Note: All figures are hardware costs only, excluding software licensing. Large customers typically receive significant discounts on GPU instances. CPU baseline is m8g.8xlarge (Graviton 4, US East on-demand).
GPU Execution: Operational Details
Query Planning Is Unchanged
SQL queries go through Starburst’s standard parser, planner, and optimizer unchanged. No GPU-specific syntax, query hints, or application changes are required. The GPU acceleration layer is transparent to the query author.
Graceful CPU Fallback
If an operator encounters an unsupported data type, expression, or connector, it falls back to CPU execution for that operation. No query fails due to incomplete GPU coverage. The fallback is per-operator, so partial GPU execution still delivers partial benefit for queries that mix GPU-capable and CPU-only operators.
For aggregation-heavy queries, this means rows passing unnecessarily through CPU memory between PARTIAL and FINAL aggregation stages. Implementing GPU LocalExchange to keep data on-device across these boundaries is the next expected step-change in TPC-H performance and is actively under development.
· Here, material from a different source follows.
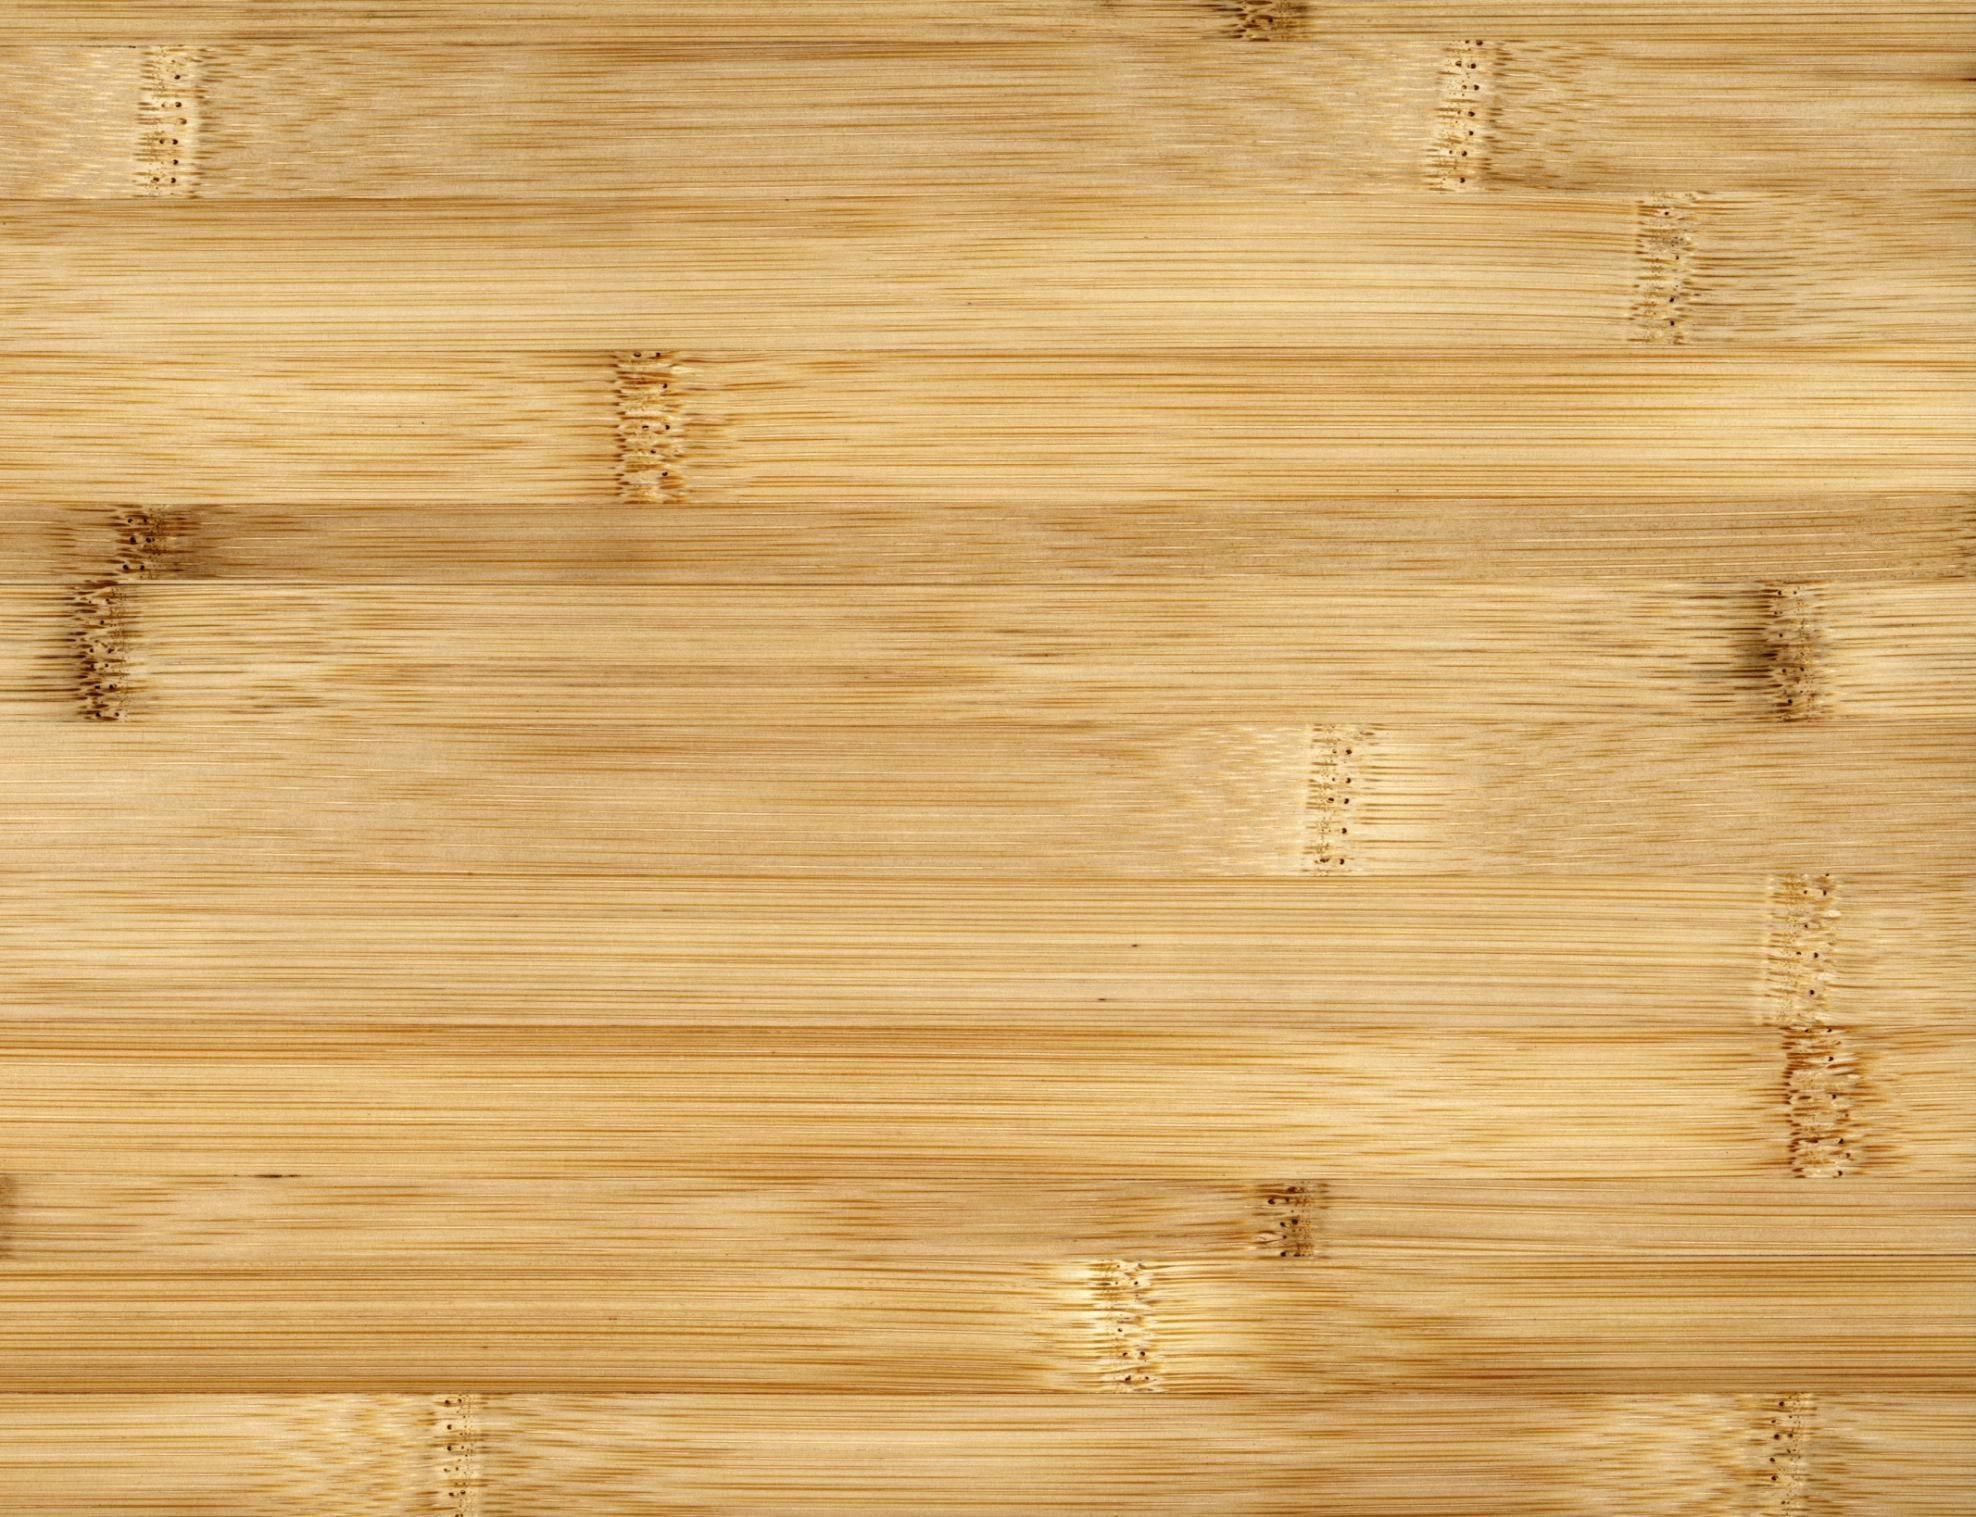 28 Famous Hardwood Floor solutions 2022 free download hardwood floor solutions of 18 new bamboo floors pics dizpos com with regard to bamboo floors fresh 50 beautiful redoing hardwood floors 50 s stock of 18 new bamboo floors

Implications for Data Teams
- No SQL changes required. Existing queries run faster without modification.
- Incremental deployment. GPU acceleration is operator-by-operator. Workloads benefit immediately for supported operators; coverage expands with each release.
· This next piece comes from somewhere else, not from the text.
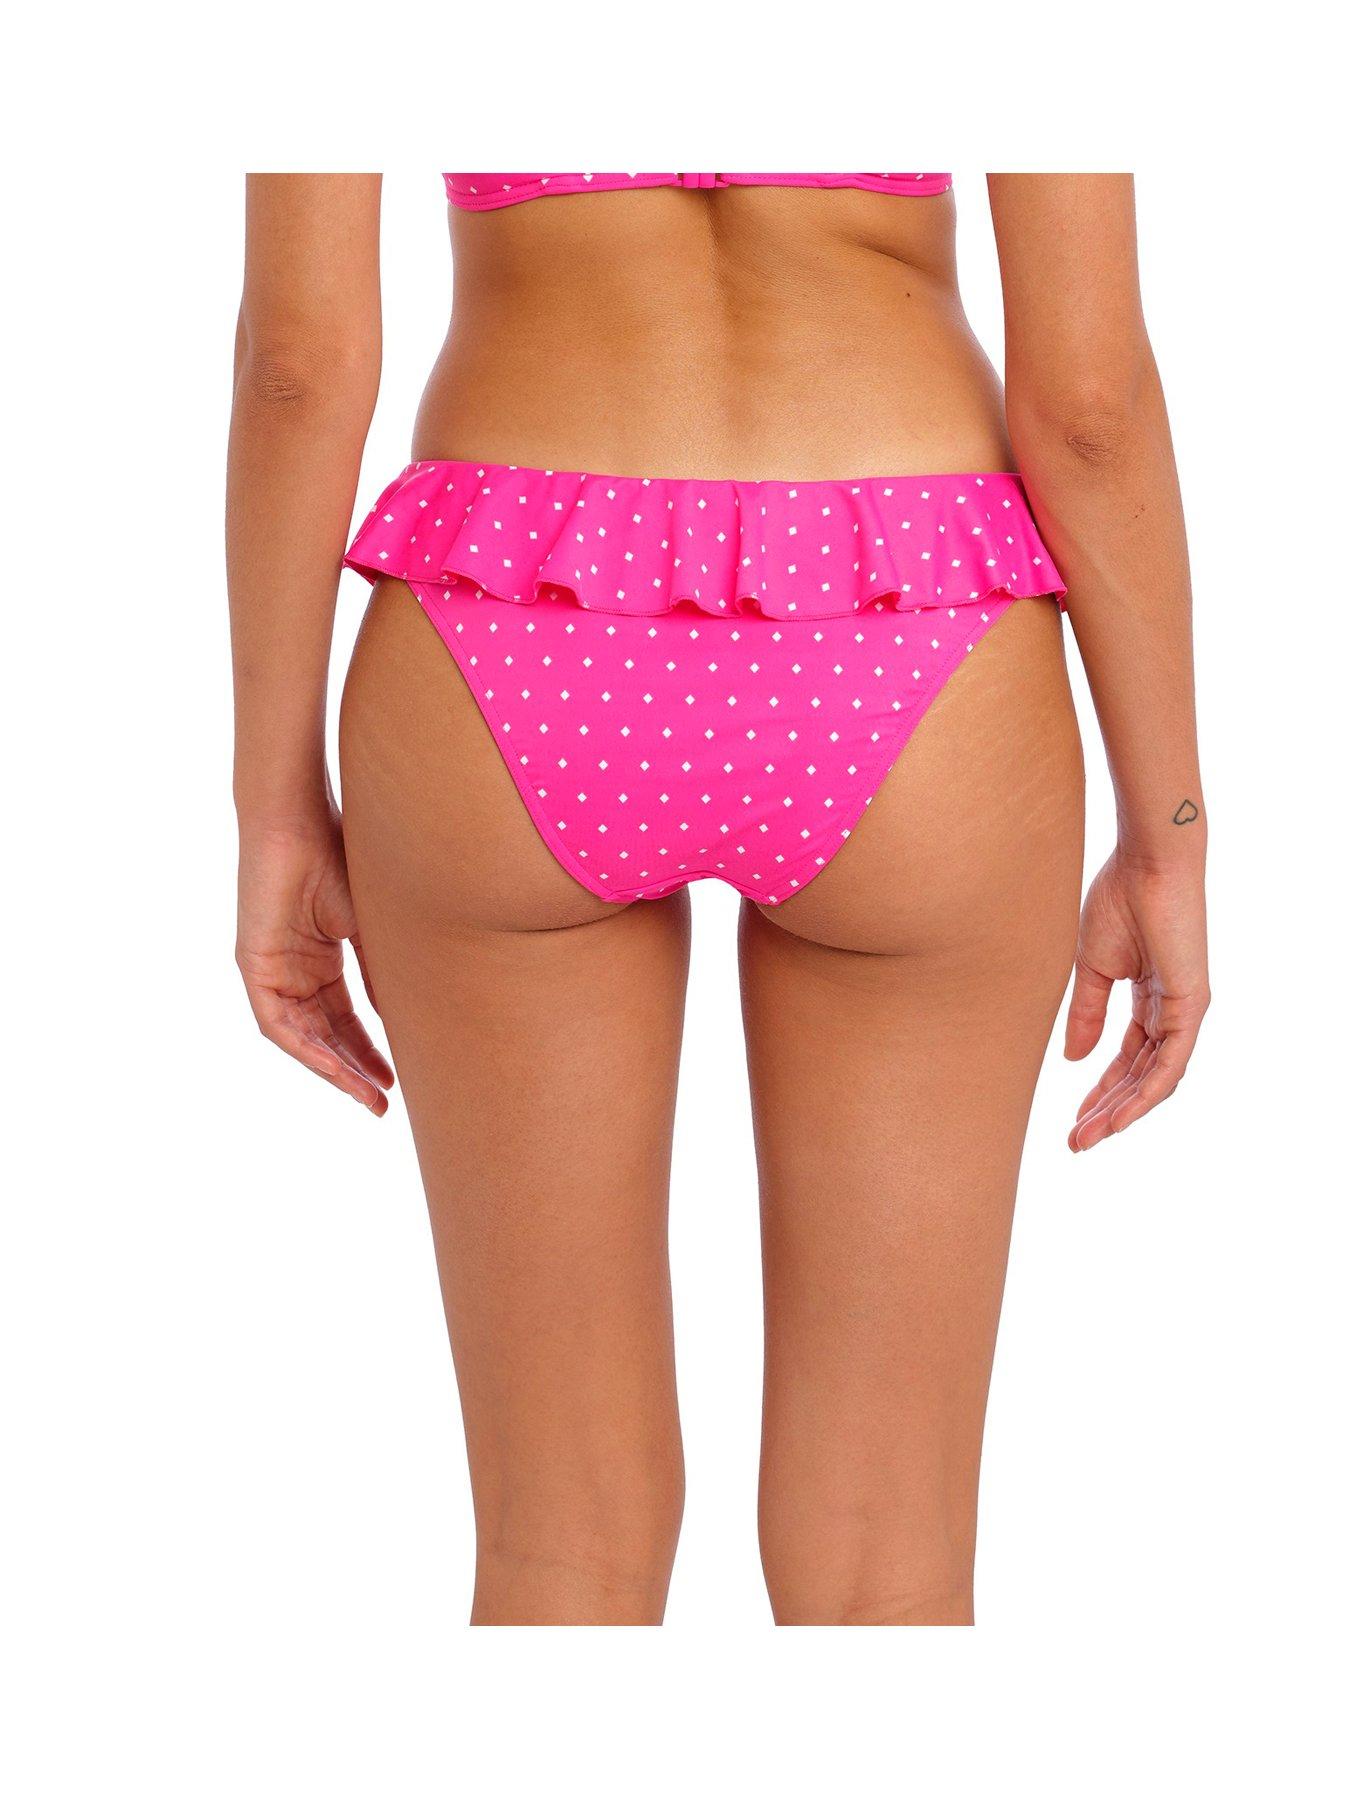 Ivory Rose Ivory Rose CURVE scrunch tie side bikini bottom in bright pink

- Cost-effective at current cloud pricing. GPU instances deliver 3–4x more analytical throughput for comparable or lower hourly cost. The 2–3x cost premium assumption does not hold for current GPU instance generations.
- Shared infrastructure for analytics and AI. GPU instances that accelerate SQL queries can simultaneously support AI inference workloads, reducing the number of distinct infrastructure tiers required.
Conclusion
Starburst’s GPU acceleration work, integrating NVIDIA cuDF at the physical operator level, demonstrates that GPU-native SQL execution is achievable within an existing query engine without rebuilding it. The operator-level architecture provides both flexibility and compounding performance benefits as coverage grows.
Current results: Up to 6x on TPC-H (Blackwell), 3.4x on ClickBench (L4), with individual queries exceeding 11x. GPU instances deliver this throughput at comparable or lower cost per query than CPU alternatives.
This is active development. GPU RemoteExchange, additional operator coverage, and Blackwell-specific optimizations are in progress. The trajectory is clear: each new operator compounds the gains already in production.
Note: Benchmarks conducted on AWS with NVIDIA GPU instances in a development environment on single-node configurations. Production performance characteristics will vary by workload and deployment.